Task: Copy out the data word for word, without any of its pictures.

Collected material:

****************************************

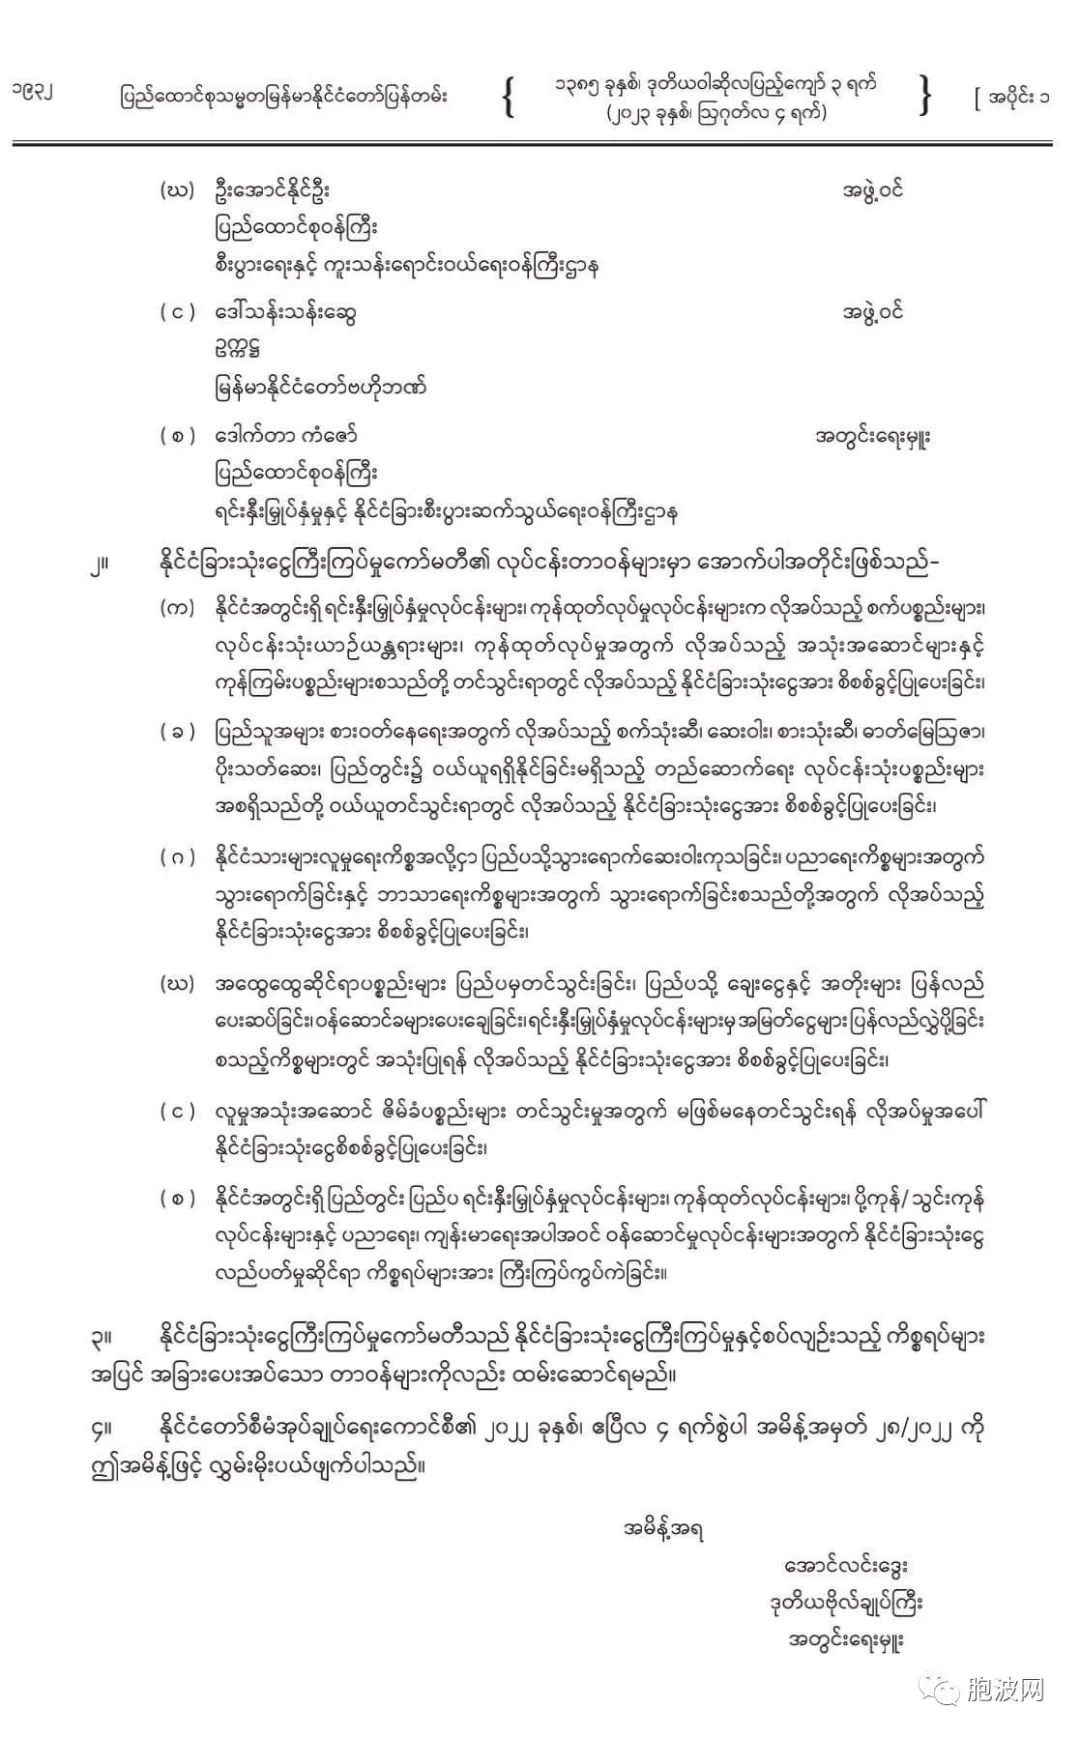 缅甸国管委命令重组外汇管理委员会
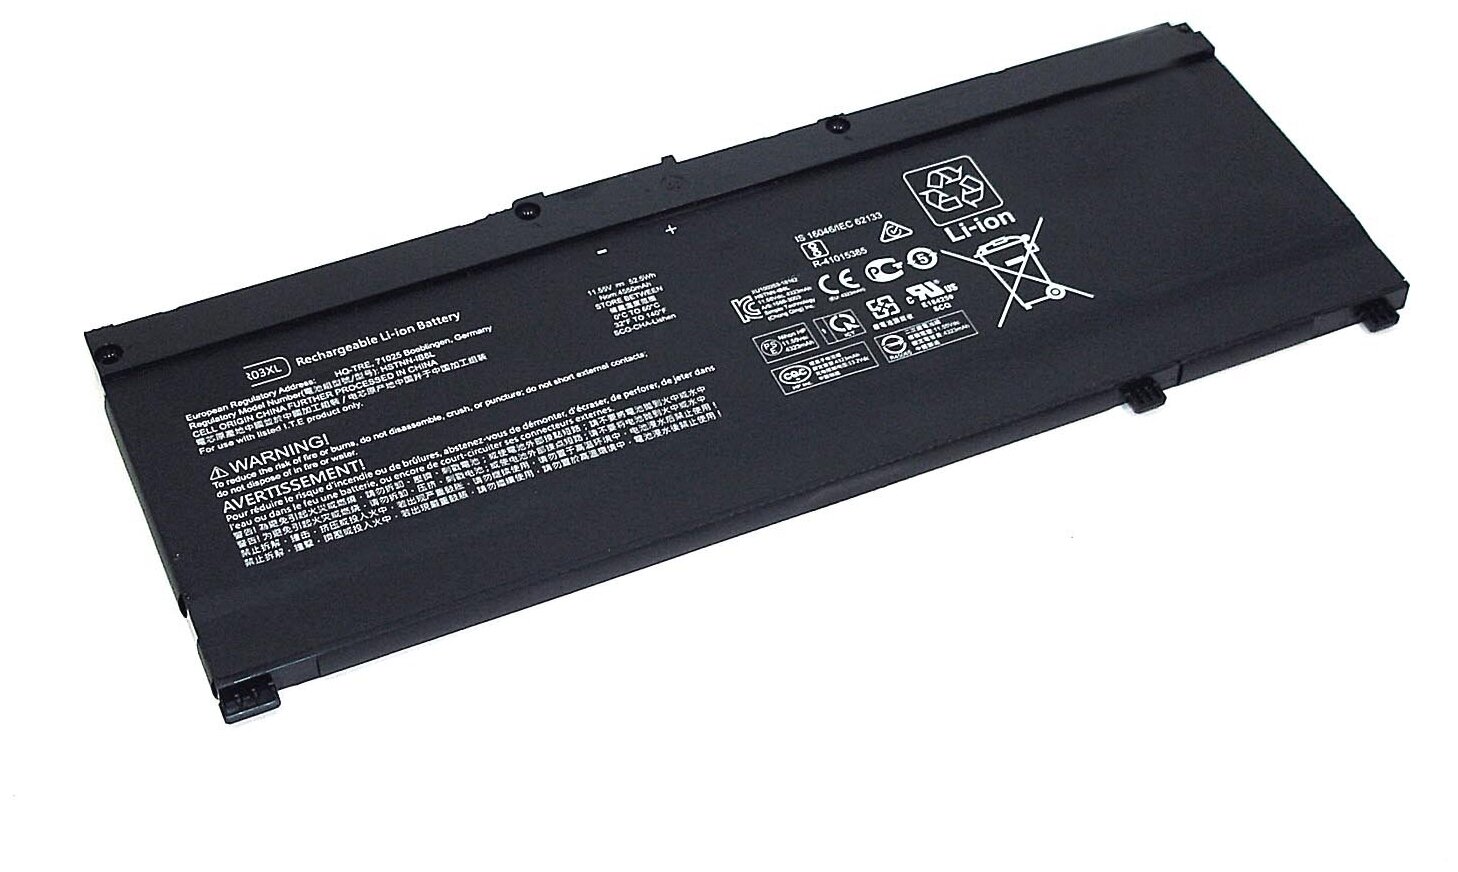 Аккумуляторная батарея для ноутбука HP Pavilion 15-CX (SR03XL) 11.55V 52.5Wh
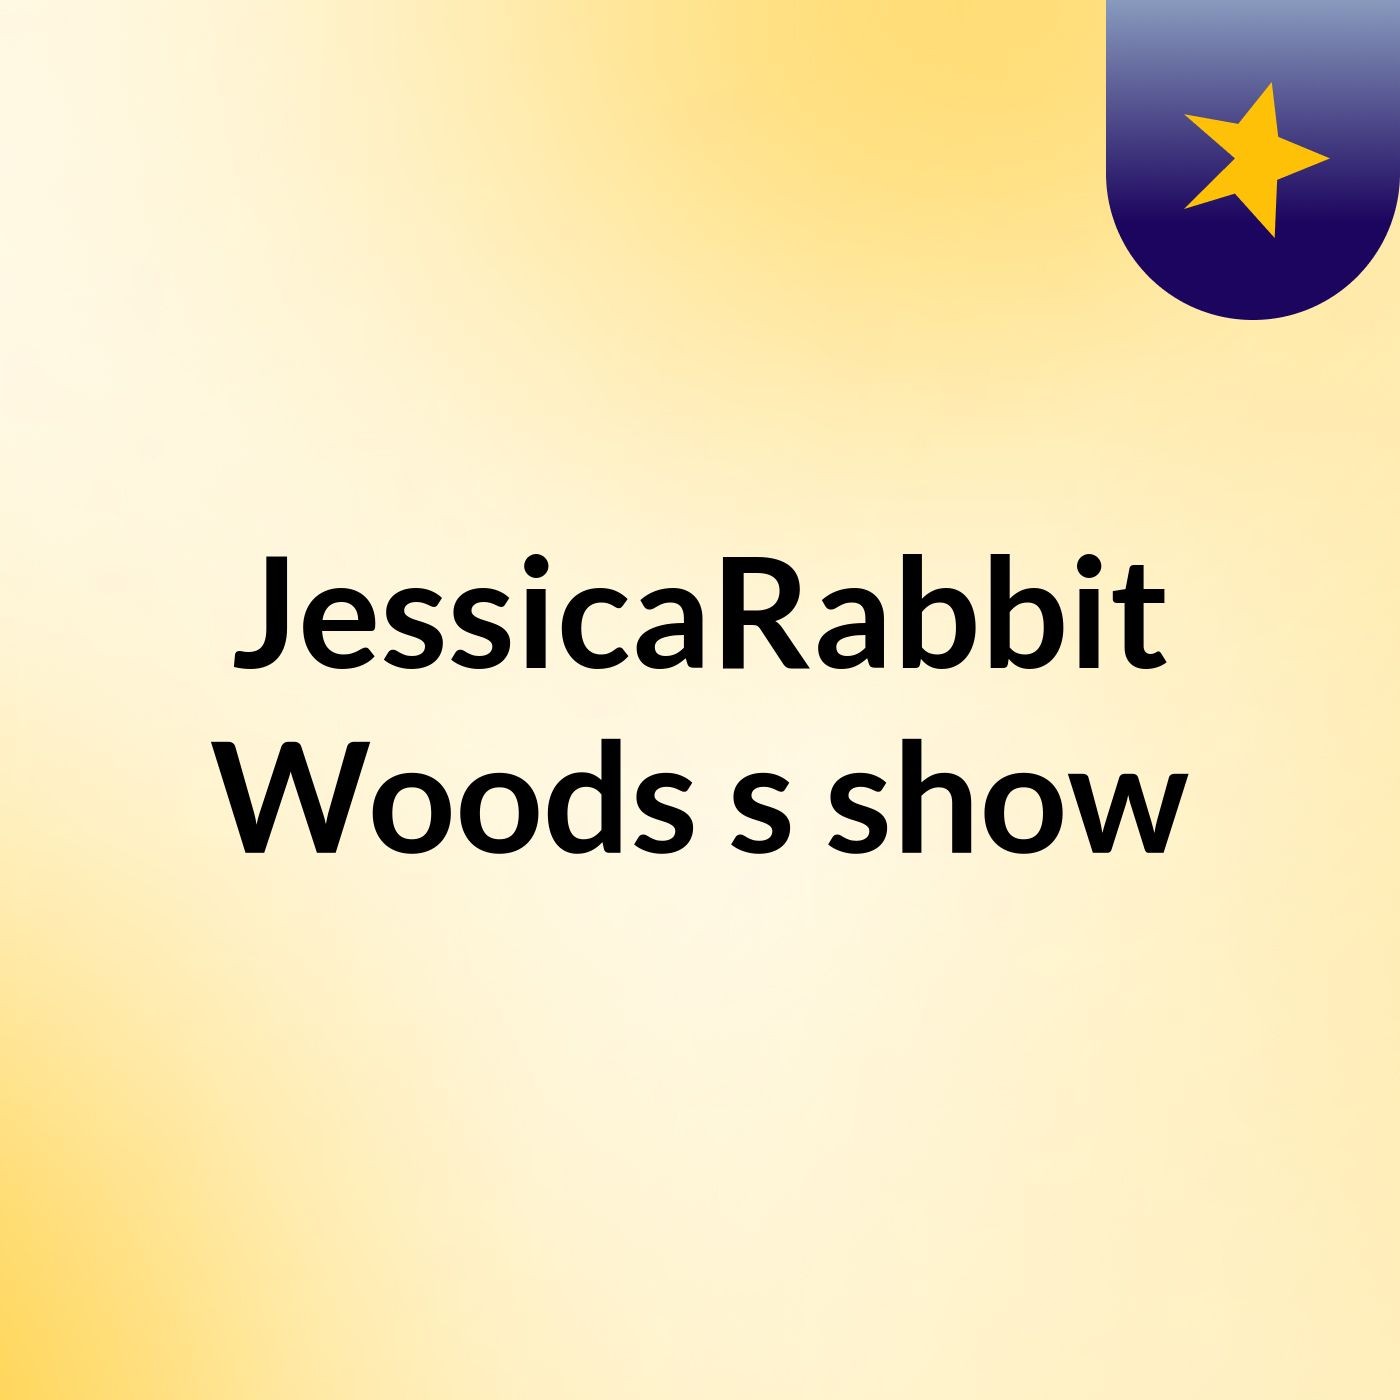 Episode 2 - JessicaRabbit Woods's show
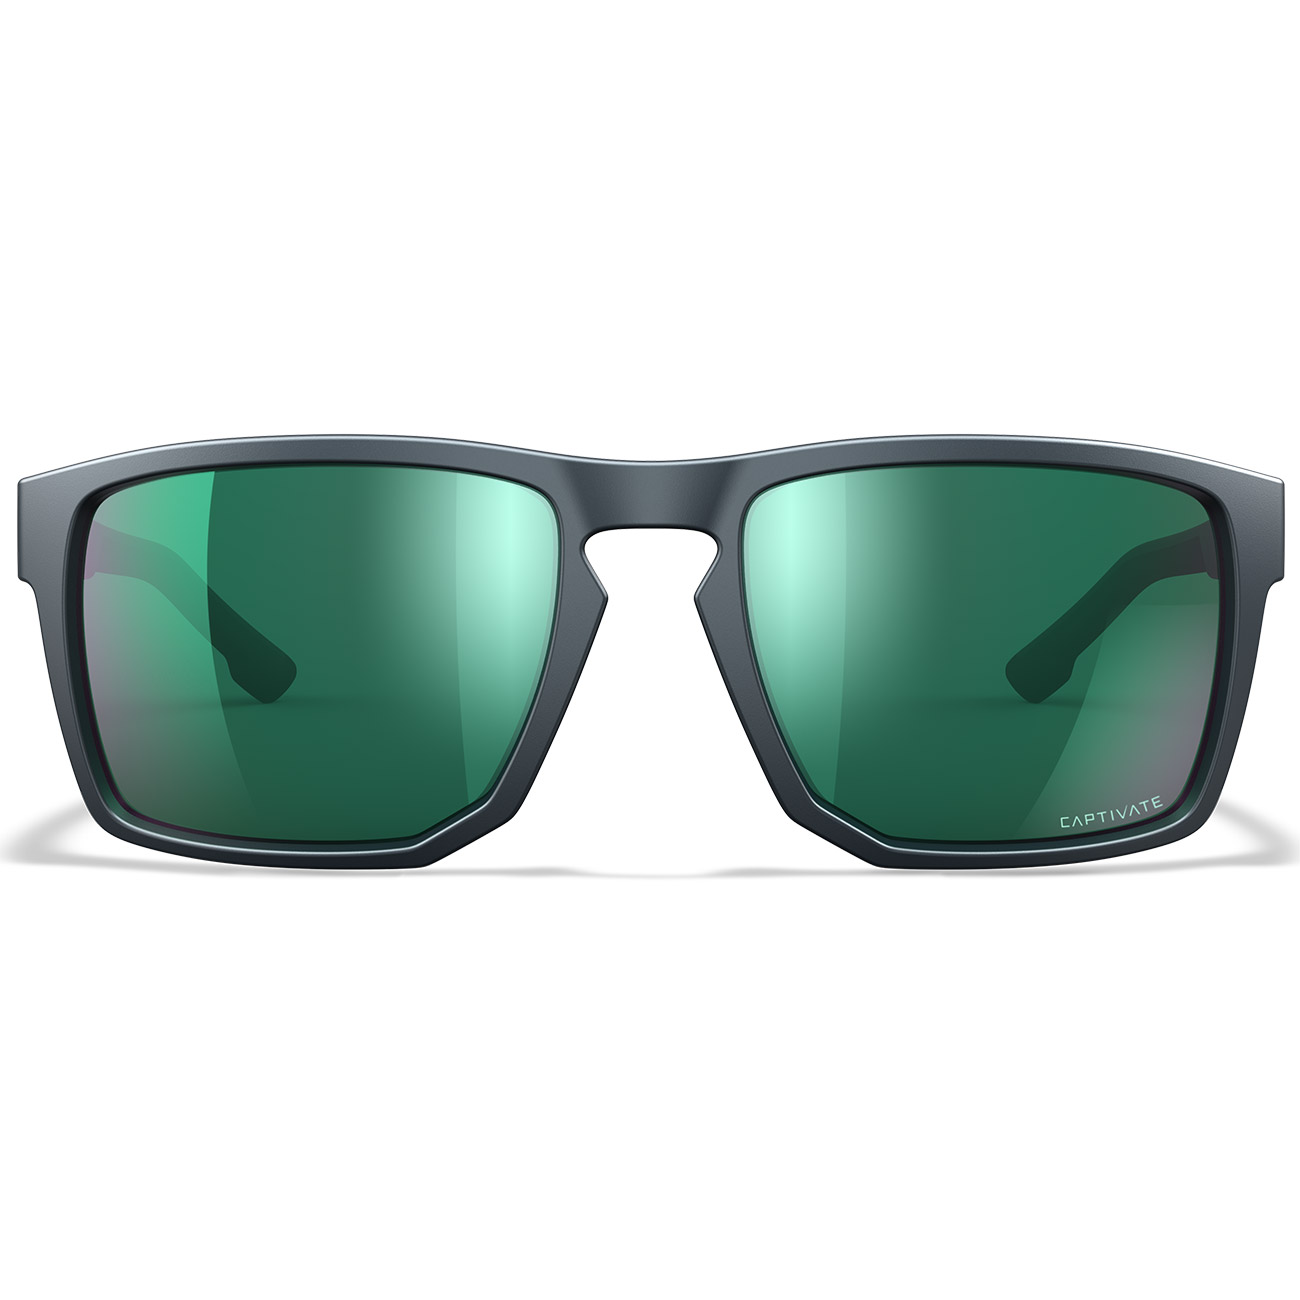 Wiley X Sonnenbrille Founder Captivate matt grau Glser grn verspiegelt und polarisiert inkl. Seitenschutz Bild 1

****************************************

Exercise response:
 缅甸国管委命令重组外汇管理委员会
 Аккумуляторная батарея для ноутбука HP Pavilion 15-CX (SR03XL) 11.55V 52.5Wh
 Episode 2 - JessicaRabbit Woods's show
 Wiley X Sonnenbrille Founder Captivate matt grau Glser grn verspiegelt und polarisiert inkl. Seitenschutz Bild 1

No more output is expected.